> _What is required_
From the first line of the listing to the last, set down everything exactly, but skip the images.

> _Provided data_
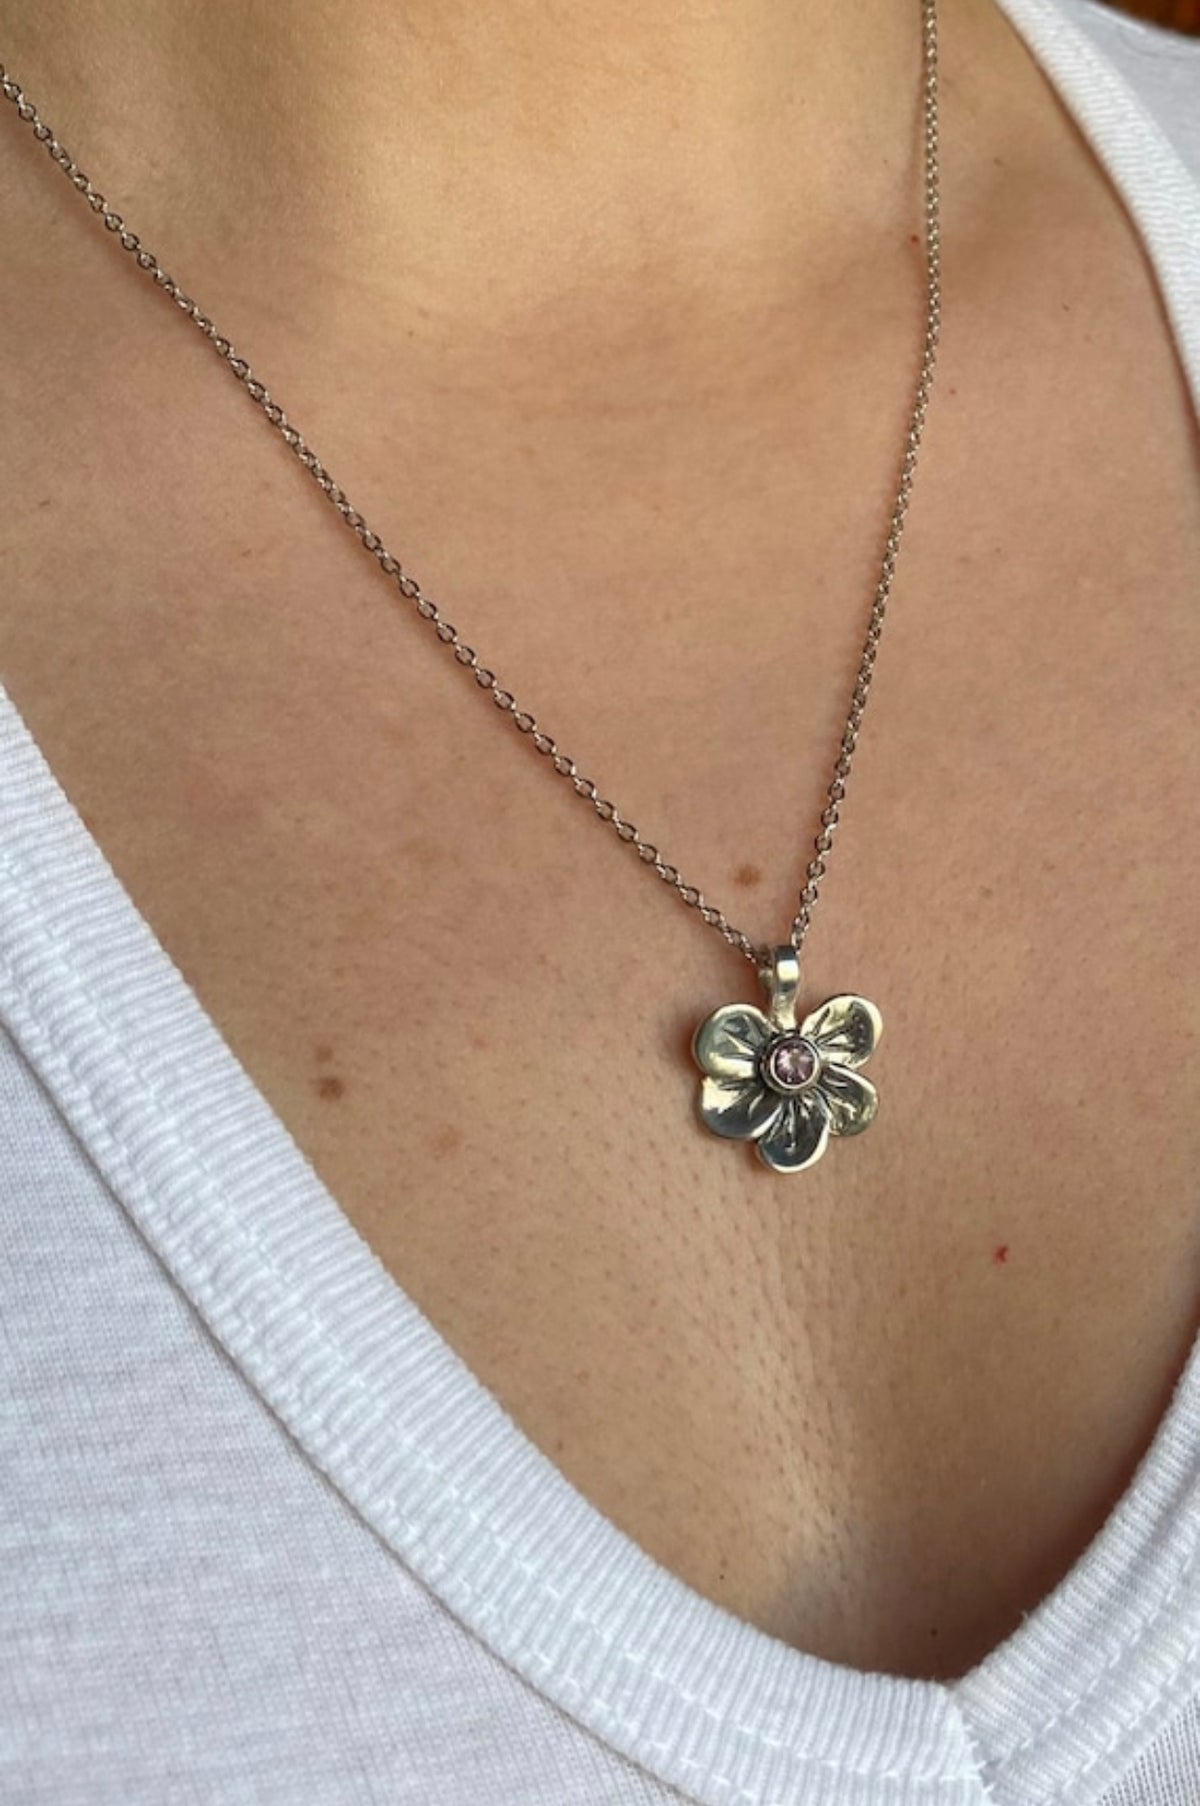 flower necklace with amethyst gemstone
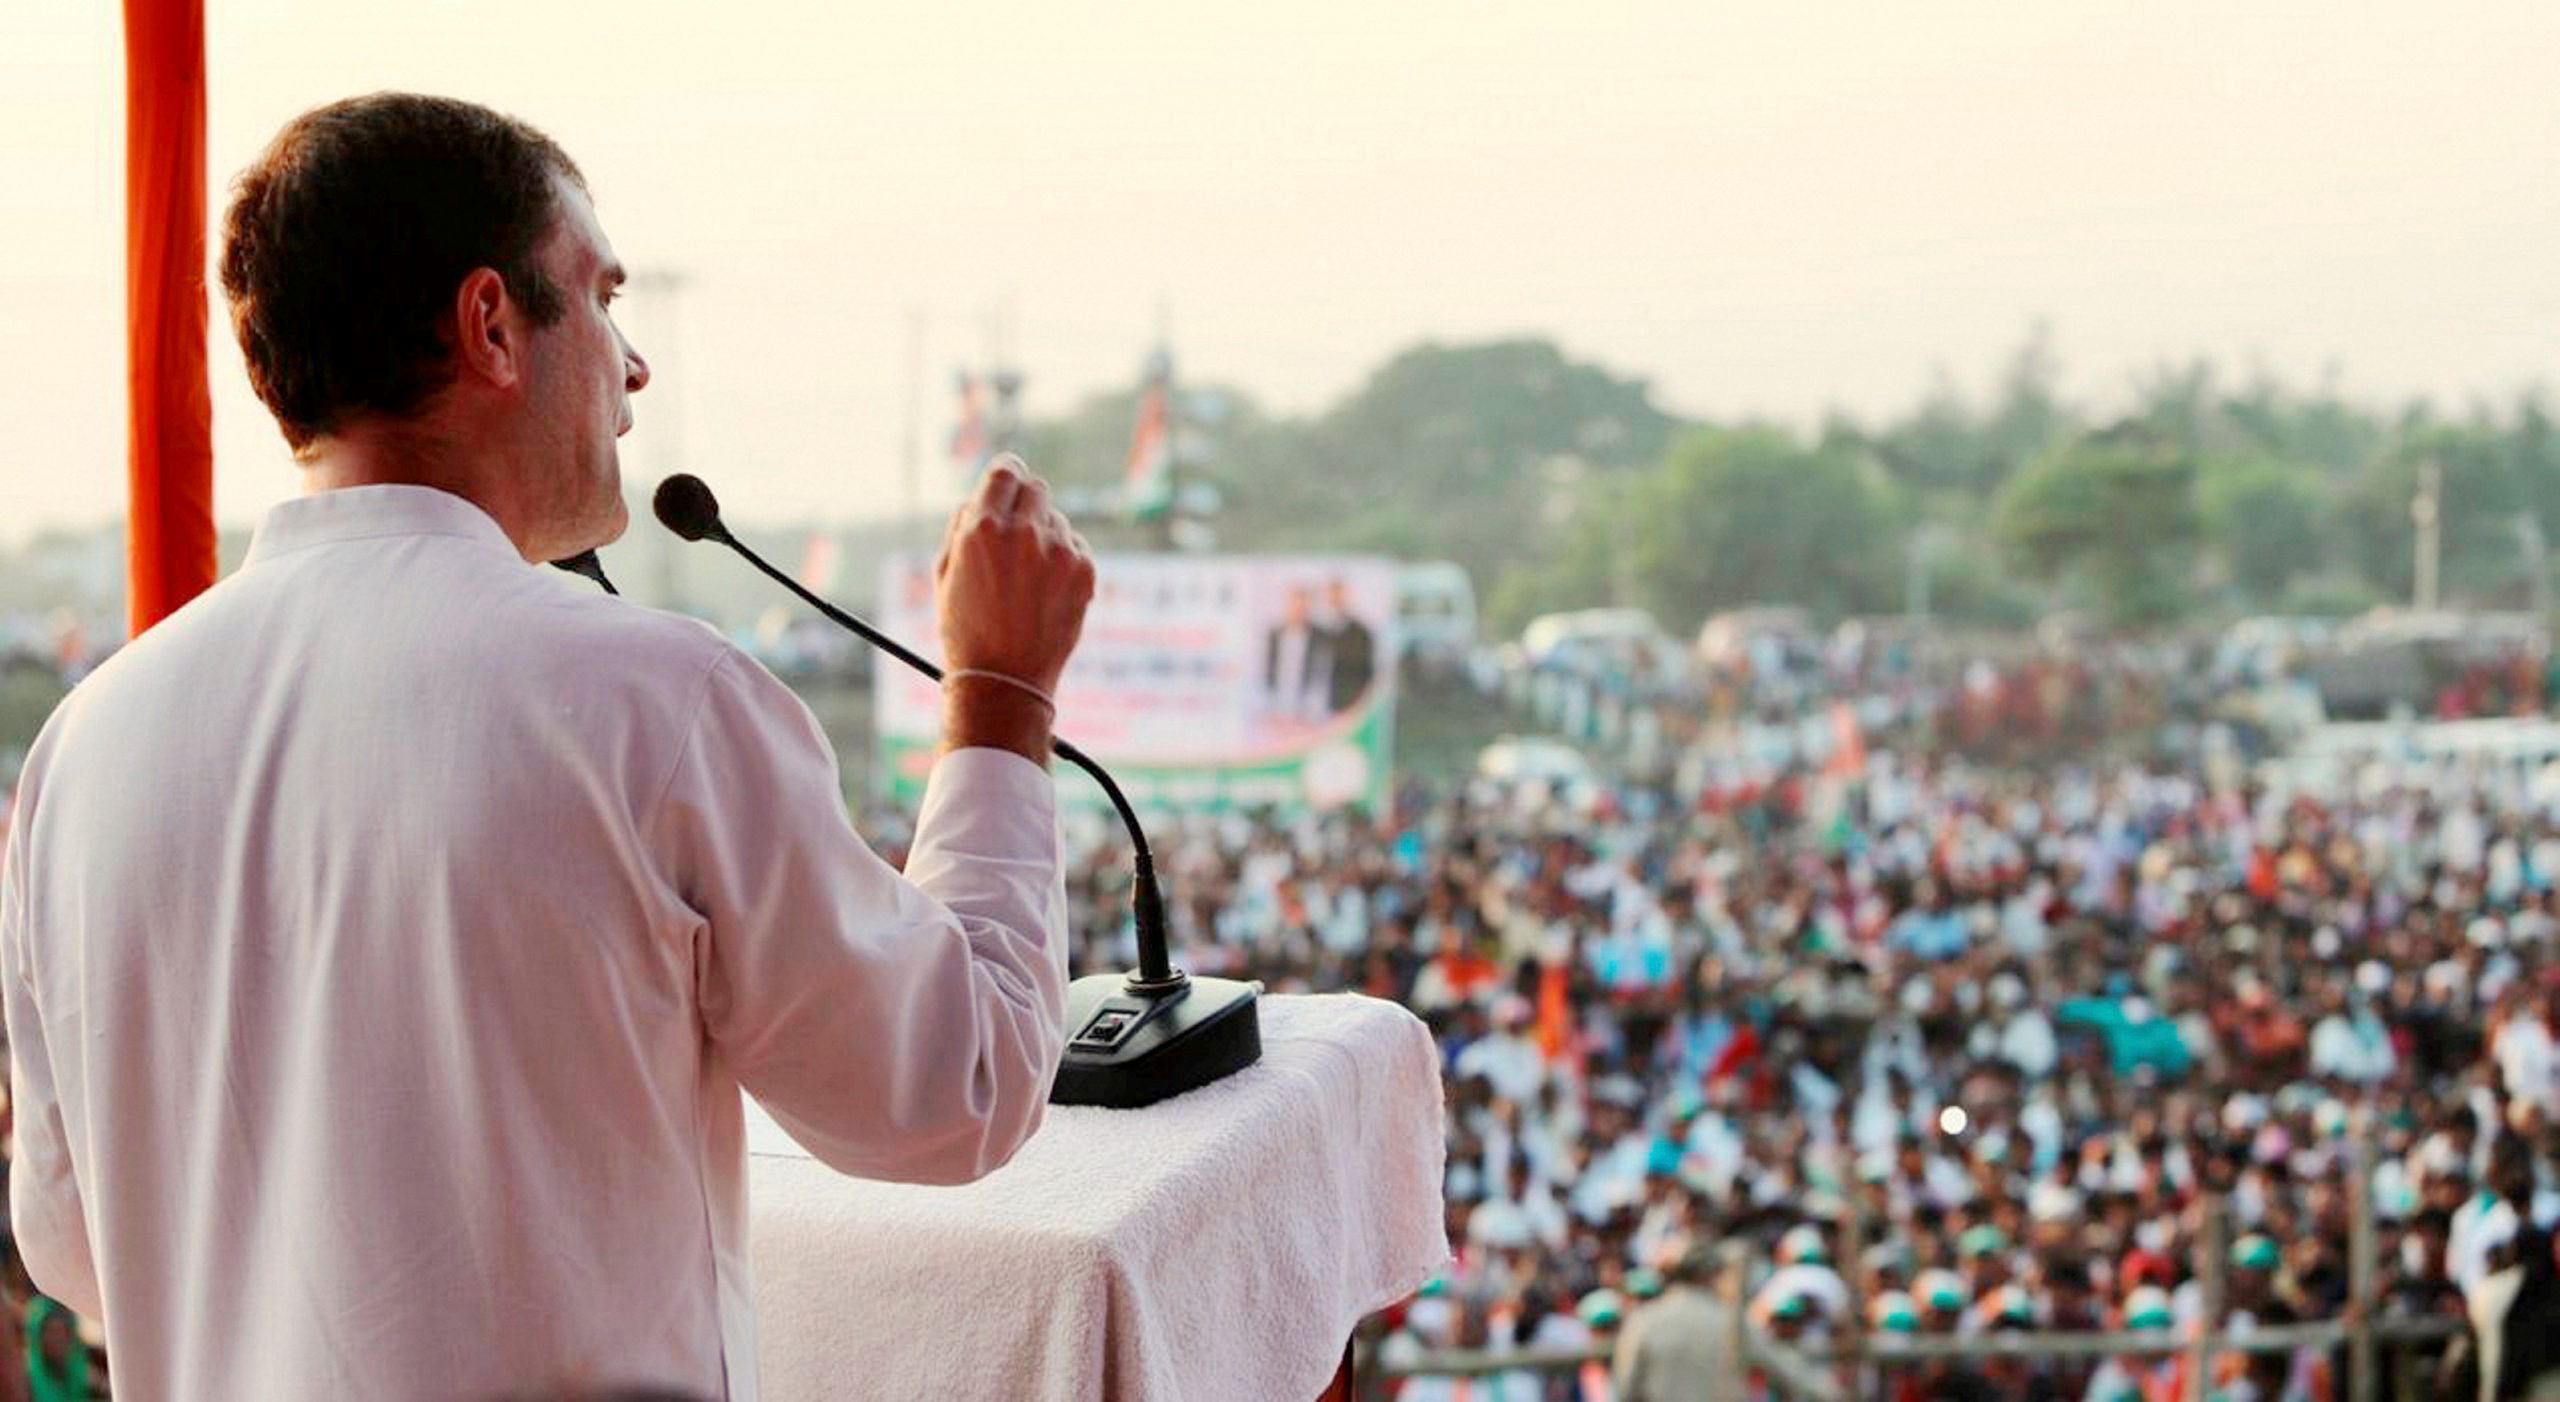 We did not get to see farmers’ agitation as Narendra Modi controls media: Rahul Gandhi
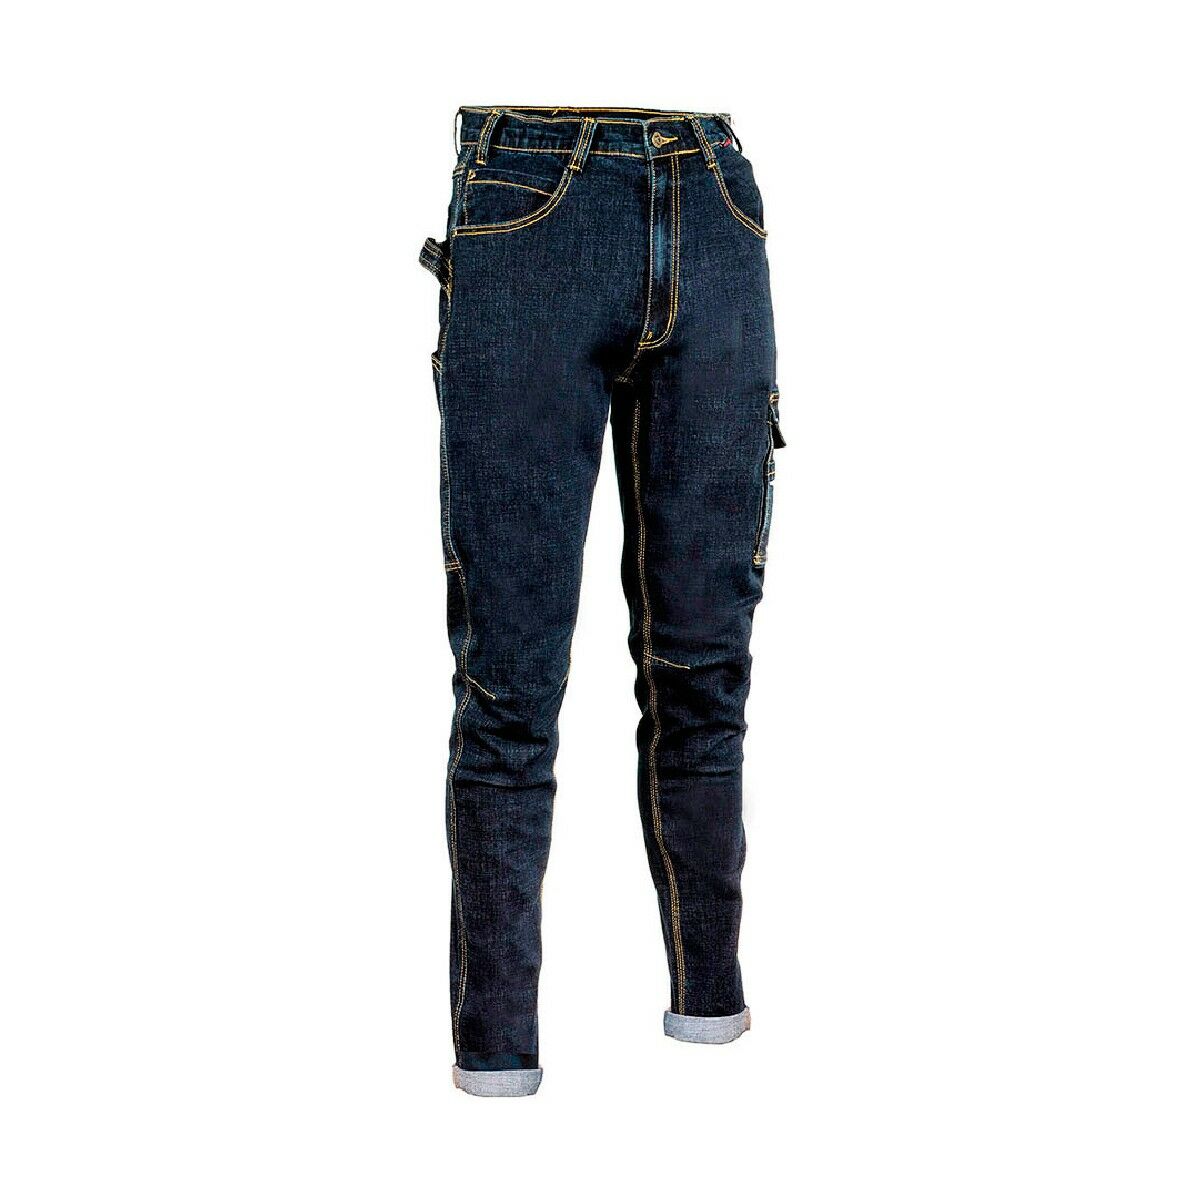 Pantaloni de siguranță Cofra Cabries Profesionist Bleumarin - Mărime 46

> _Output of the task_
 flower necklace with amethyst gemstone
 We did not get to see farmers’ agitation as Narendra Modi controls media: Rahul Gandhi
 Pantaloni de siguranță Cofra Cabries Profesionist Bleumarin - Mărime 46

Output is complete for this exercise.